SOLOPOS.COM - Sugiyamto (JIBI/SOLOPOS/Dok)

Sugiyamto (JIBI/SOLOPOS/Dok)

SRAGEN–Ketua DPRD Sragen, Sugiyamto, menyatakan pertemuan yang membahas tentang penyelamatan BPR Djoko Tingkir atau pencairan kas daerah (kasda) beberapa waktu lalu bukan merupakan rapat resmi, lantaran tidak ada undangan resmi.

Promosi Pegadaian Resmikan Masjid Al Hikmah Pekanbaru Wujud Kepedulian Tempat Ibadah

Pertemuan tersebut dihadiri pimpinan Dewan dengan Bupati Agus Fatchur Rahman, Wakil Bupati (Wabup) Daryanto dan Kabag Hukum Suharto dan Kepala BPUMD Sragen, Budiyono, serta Plt Sekda. “Bagi saya, pertemuan itu bukan rapat, karena tanpa undangan. Saya hanya dihubungi pejabat yang menerangkan Bupati mau ketemu empat orang pimpinan Dewan. Saya lalu bilang, ini baru ada tiga orang Pimwan. Tapi pejabat itu tetap meminta empat orang. Agendanya pun tak diberitahu,” kisah Sugiyamto saat dihubungi Solopos.com Kamis (2/2/2012).

Dalam pertemuan itu, ungkap dia, hanya ngobrol saja tentang persoalan di Bank Perkreditan Rakyat (BPR) Djoko Tingkir. Dalam pertemuan itu, lanjut dia, meminta direktur BPR Djoko Tingkir dihadirkan. Direktur BPR Djoko Tingkir Surono dan Direktur Utamanya, Pono hadir dalam pertemuan itu.
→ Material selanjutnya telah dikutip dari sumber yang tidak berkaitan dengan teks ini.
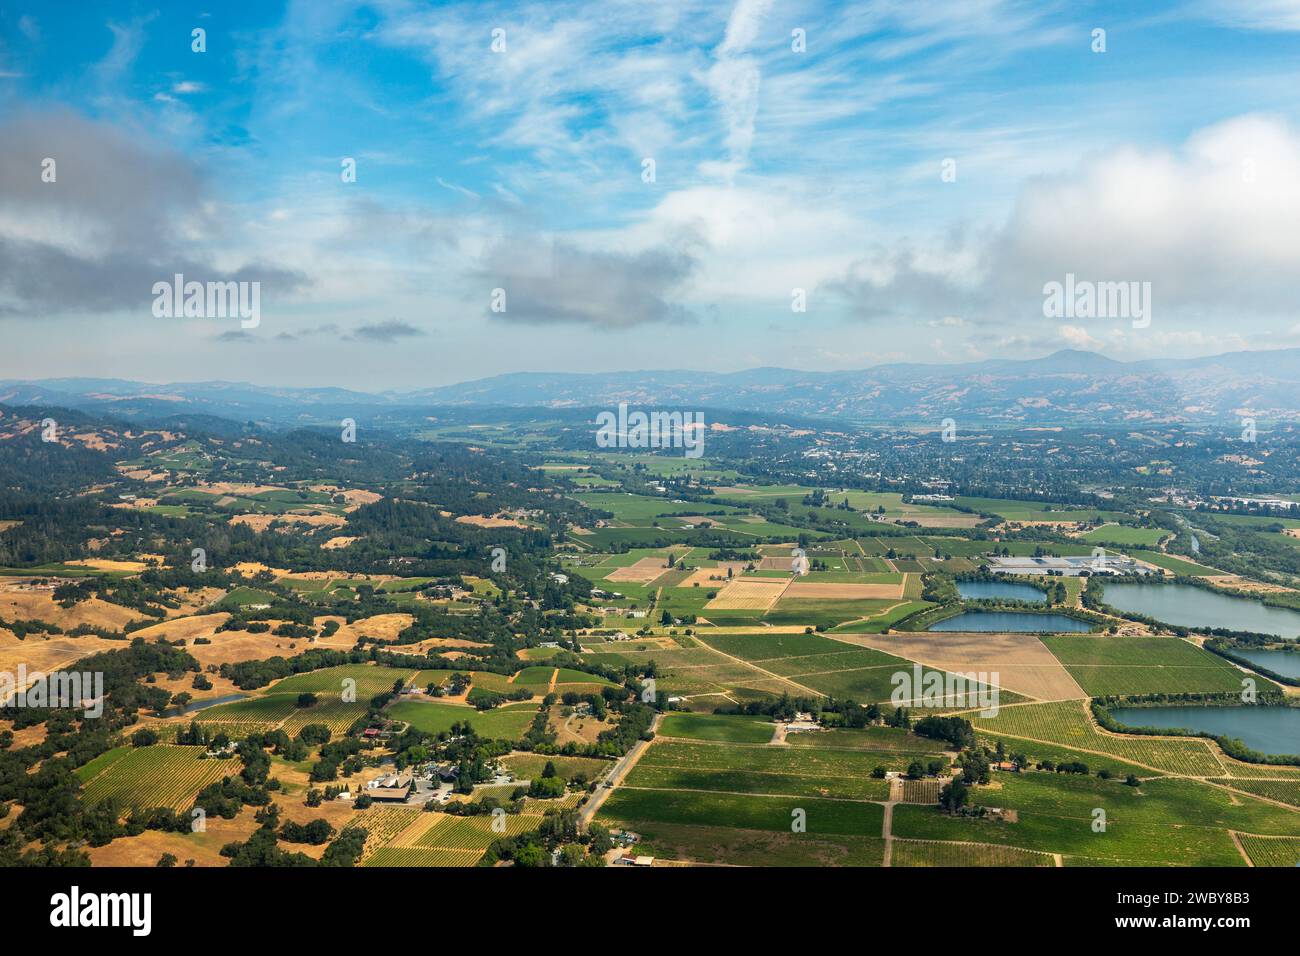 Aerial view of green rows of plants in farm fields, vineyards, and the agricultural towns of norther California Stock Photo
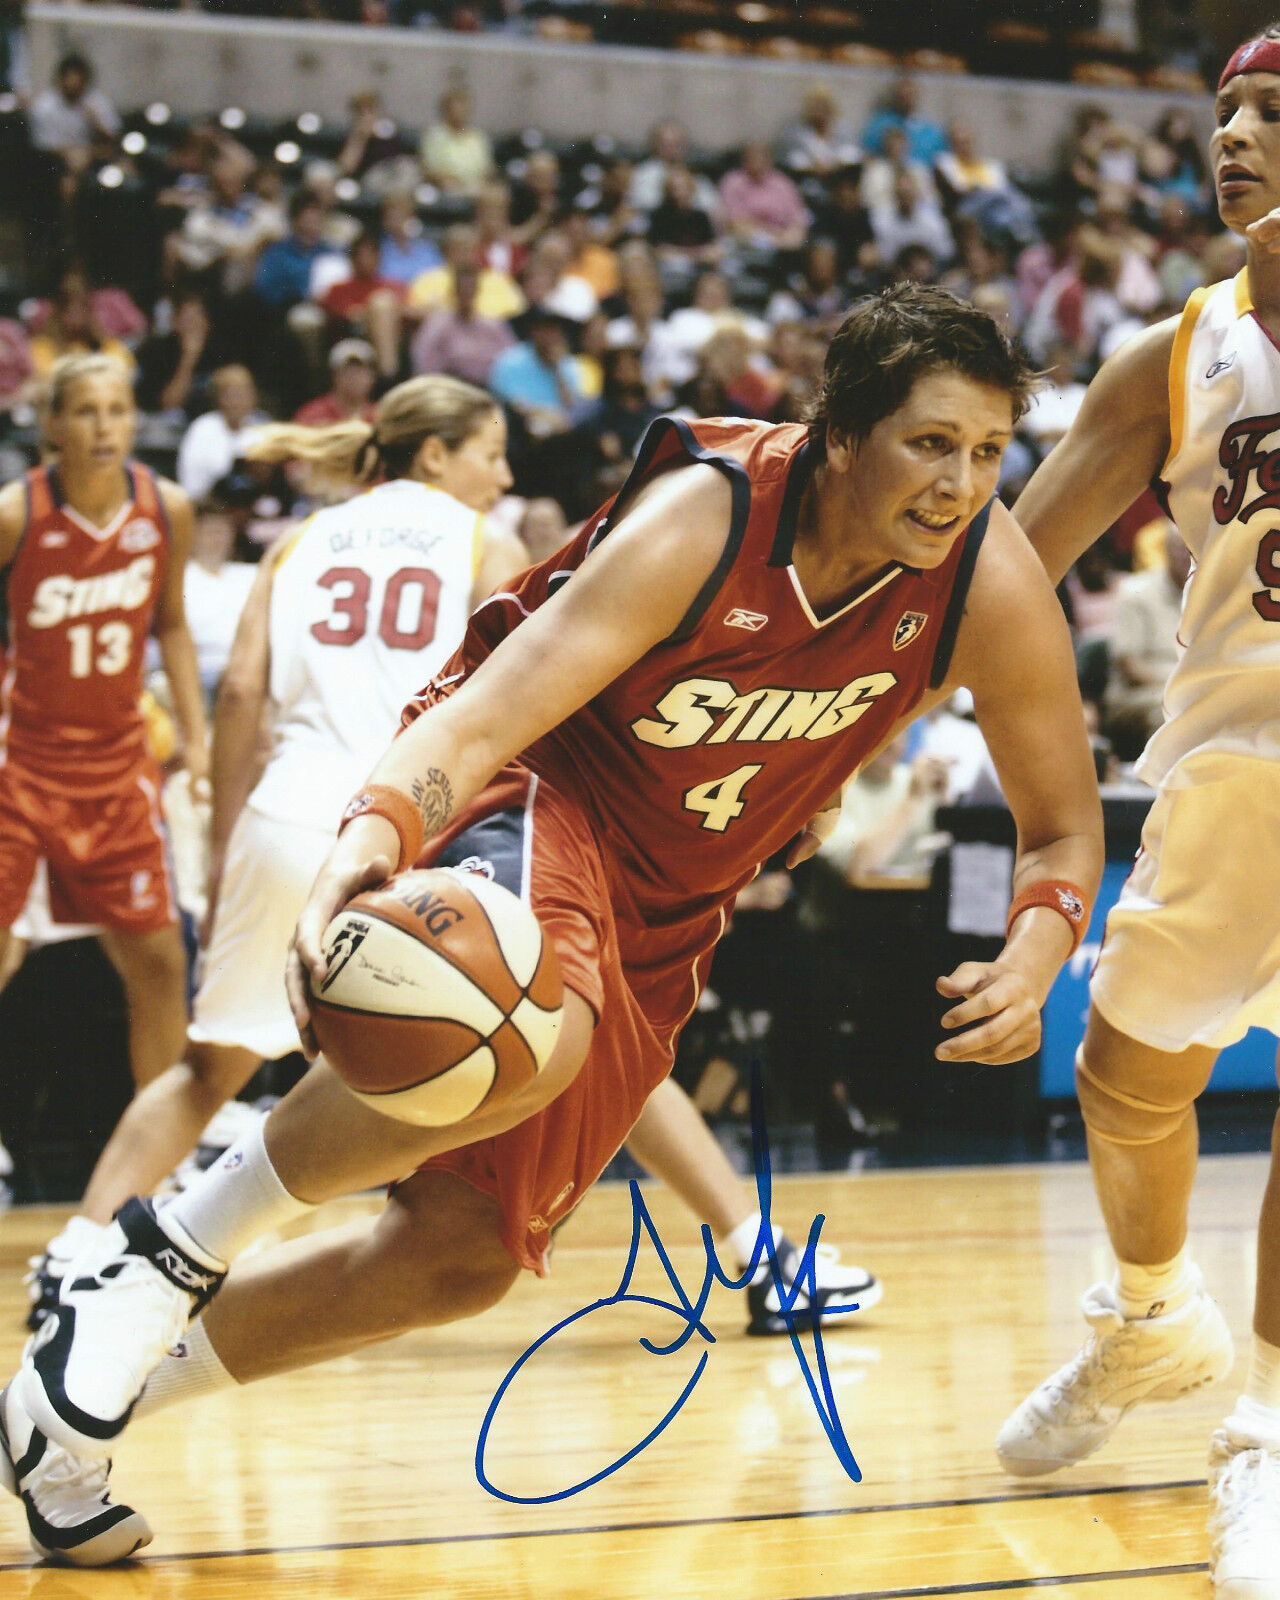 **GFA Charlotte Sting *JANEL MCCARVILLE* Signed 8x10 Photo Poster painting J2 COA**

Tapi juga belum puas lalu terakhir menghadirkan Kepala Dinas Pendapatan Pengelolaan Keuangan dan Aset Daerah (DPPKAD), Srie Wahyuni.

“Muncul masalah bila kasus kredit macet atas pinjaman pejabat dengan agunan kasda dibiarkan maka BPR Djoko Tingkir akan kolaps. Tapi bila agunan itu dicairkan maka Pemkab akan kehilangan Rp11,7 miliar.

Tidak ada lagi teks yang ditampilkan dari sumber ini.